Almost two-thirds of female personnel have experienced bullying, harassment and discrimination, including sexual assault. Such findings are at odds with the Army’s Values and Standards, formalised in 2000, which prioritised ‘respect for others’. Institutional soul-searching and wheel reinvention can be expected over the coming months, together with a long overdue overhaul of complaints’ procedures.
When not inevitably banging on about career-family life balance, the report also stated that ‘without compromising physical standards for ground close combat roles’, women’s fitness tests ‘should have due regard for hormonal changes linked to pregnancy and menopause’. Although the levels of abuse in the report produced shock-horror headlines, less widely reported was that 90 per cent of women who participated in the voluntary survey would recommend a career in the Forces to other women and 84 per cent said their overall experience of Forces’ life was good or very good.
The Defence Committee tut-tutted that aspects of their culture highlight the Armed Forces are still a man’s world.

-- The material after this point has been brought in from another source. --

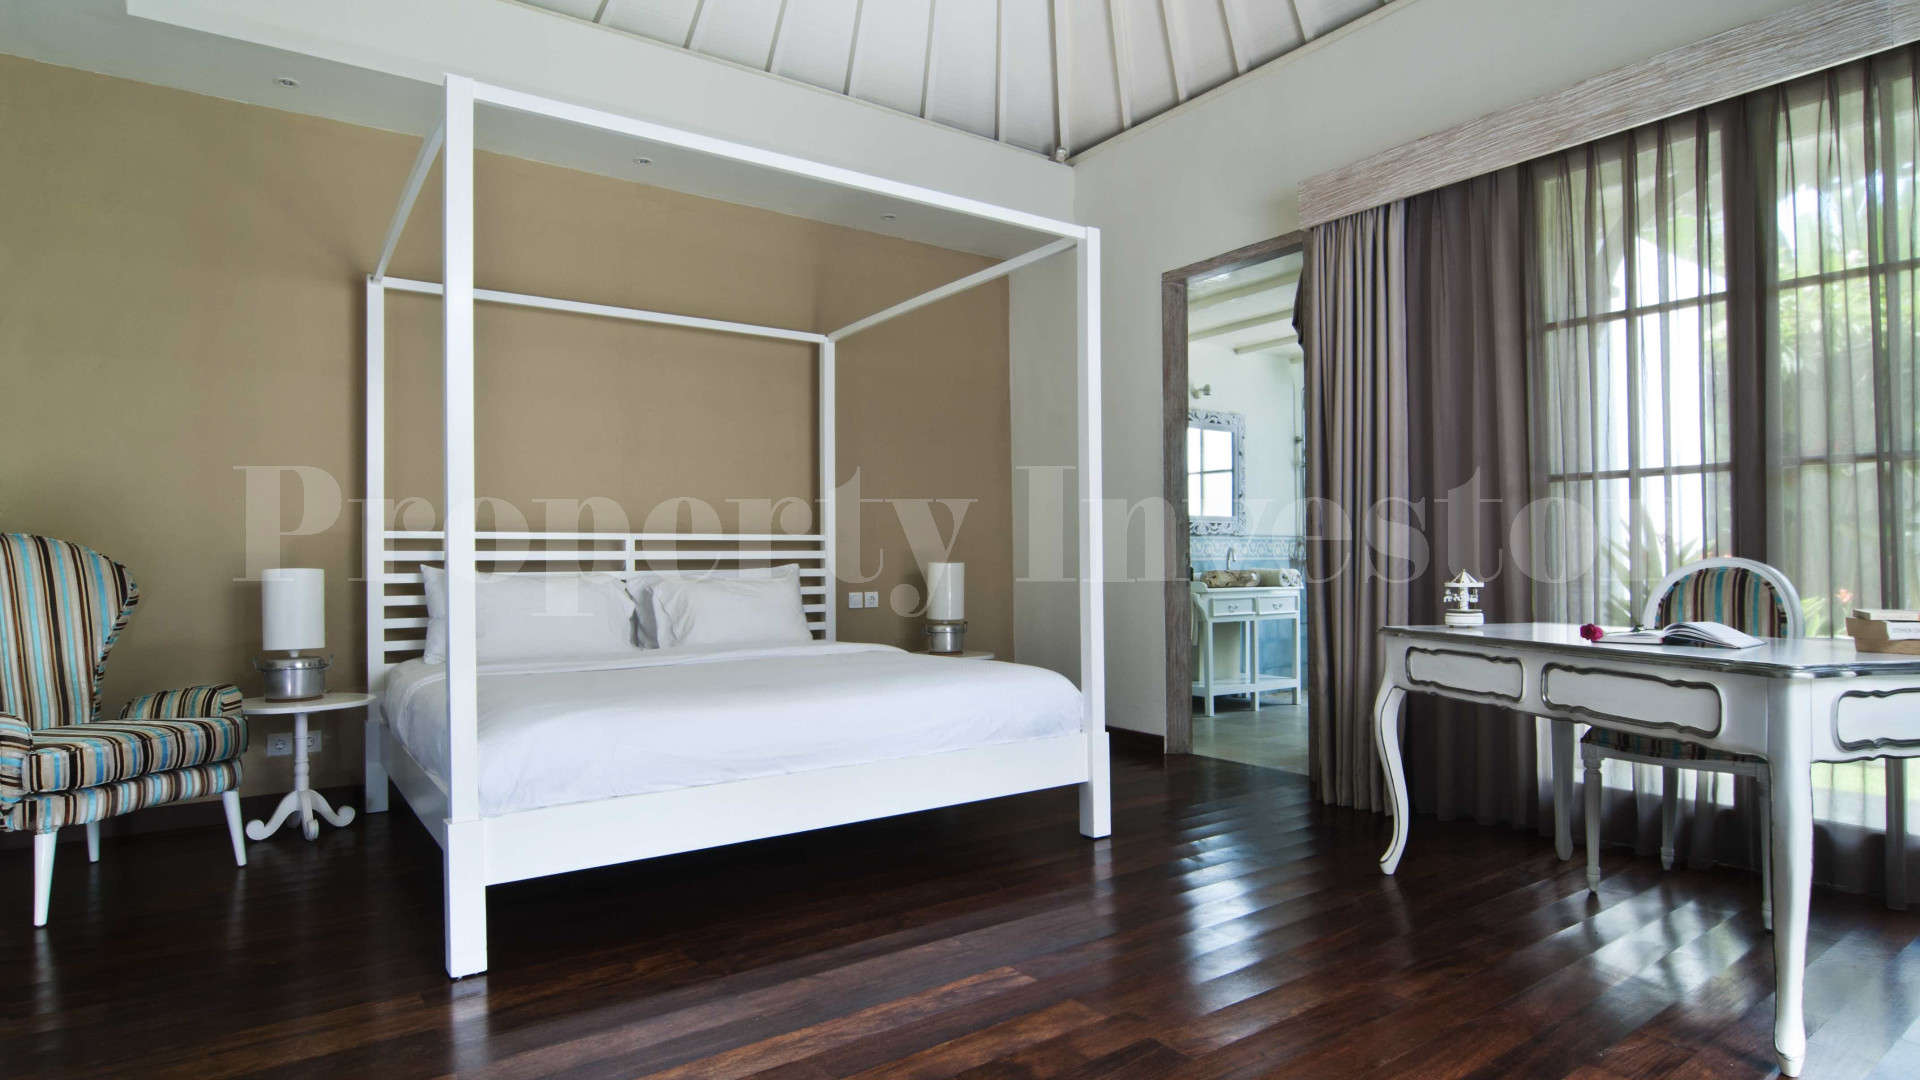 Элегантная вилла на 3 спальни в колониальном стиле на Бату Белиг Семиньяк, Бали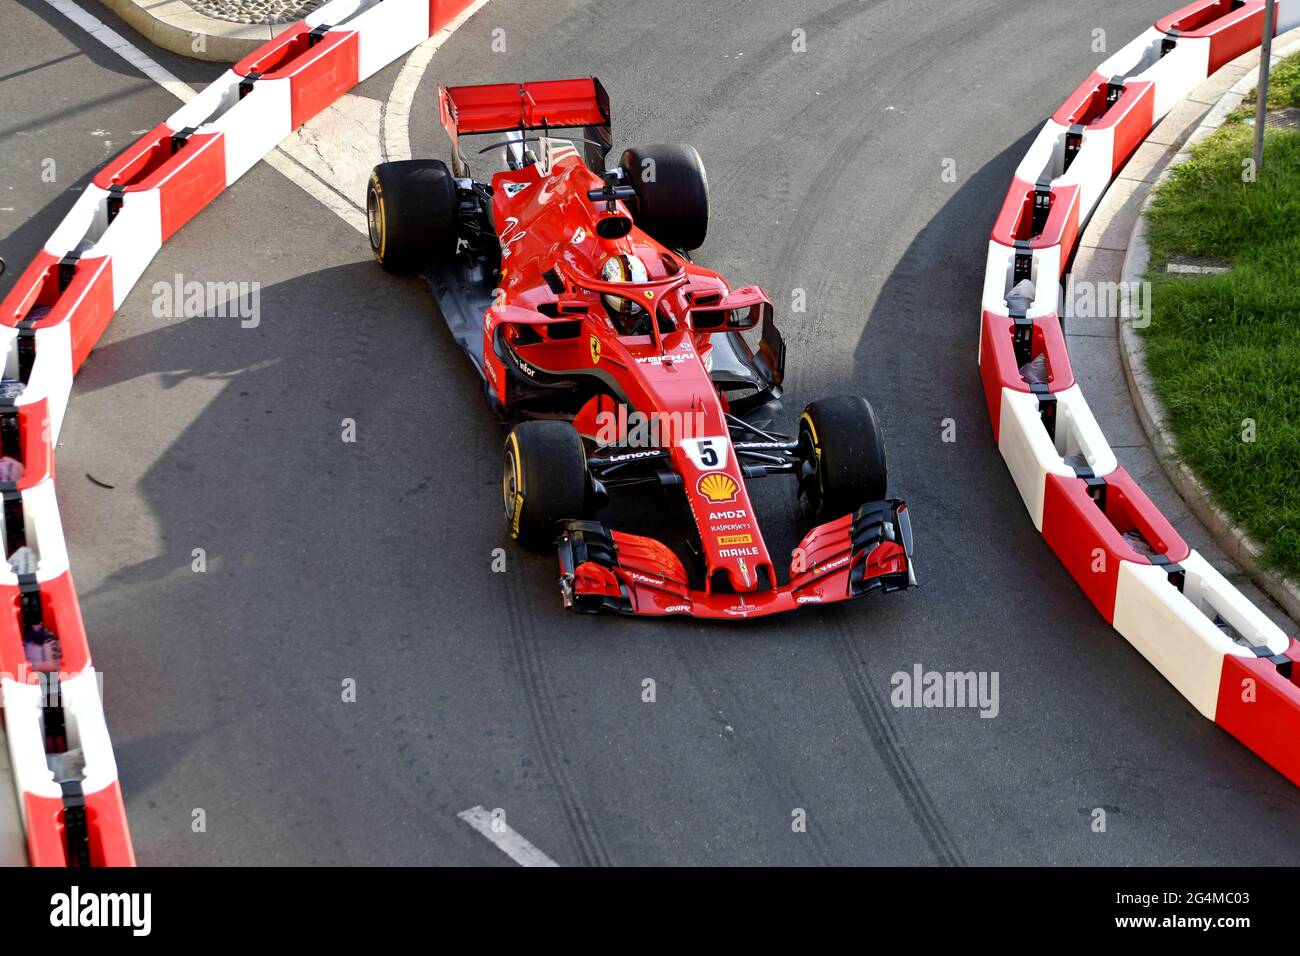 Vue de haut de la Formule 1 de Ferrari sur le circuit de la ville, pendant le Festival de F1 de Milan, 2018, à Milan. Banque D'Images

On Tuesday this point was almost conceded by General Sir Nick Carter, the outgoing Chief of the Defence Staff, who observed to members that a ‘laddish culture’ was not exactly discouraged, not least because ‘ultimately our soldiers have to go close and personal with the enemy’.
For all the CDS’s focus on the ‘long term cultural change’ needed to quell anti-social behaviour within its ranks, what is being overlooked is the military’s main mission: defeating the country’s enemies, often by killing them.
Those who would prefer to see an inclusive rainbow flag rather than the Union Jack flying permanently over MoD’s main building seem to forget the demands of combat effectiveness.
In the past few decades successive governments have been keen that the Armed Forces should reflect the civilian society they serve. Why? Two-thirds of civilians are overweight; one third obese. The 2020 British Social Attitudes survey highlights that the proportion who agree that schools should teach children to obey authority fell from 85 per cent in 2004 to 72 per cent in 2019. This suggests that some might not have much truck with hierarchical, rules-based organisations.
Reflecting society is often a euphemism for recruiting more women and people from ethnic minorities. For all the Forces’ talk of ‘technical trades’ and playing down combat, most women would not contemplate joining up any more than they would glove up and get into a boxing ring with Tyson Fury. Nascent research suggests the majority of Our Girls already have family links within the Services.
Whether nature or nurture, most civilian women have no problem accepting the Forces remain a male domain, just like Lord’s cricket ground or the construction industry. Perhaps the MoD should start asking them. After all, despite being ruled by their hormones – a message implicit in the Defence Committee’s report – women taxpayers finance the defence budget.
In these woke-not-bloke days, laddish culture is of course only a step or two away from toxic masculinity.
As the country gathers around its war memorials on Sunday, the service and sacrifice of the fallen, their stoicism, resilience and courage, will be contemplated.
There are hundreds of thousands, if not millions, listed on those memorials commemorating Britain’s war dead who fought in uniform for Queen (or King) and country.
Lest we forget, with very few exceptions, all of them are men.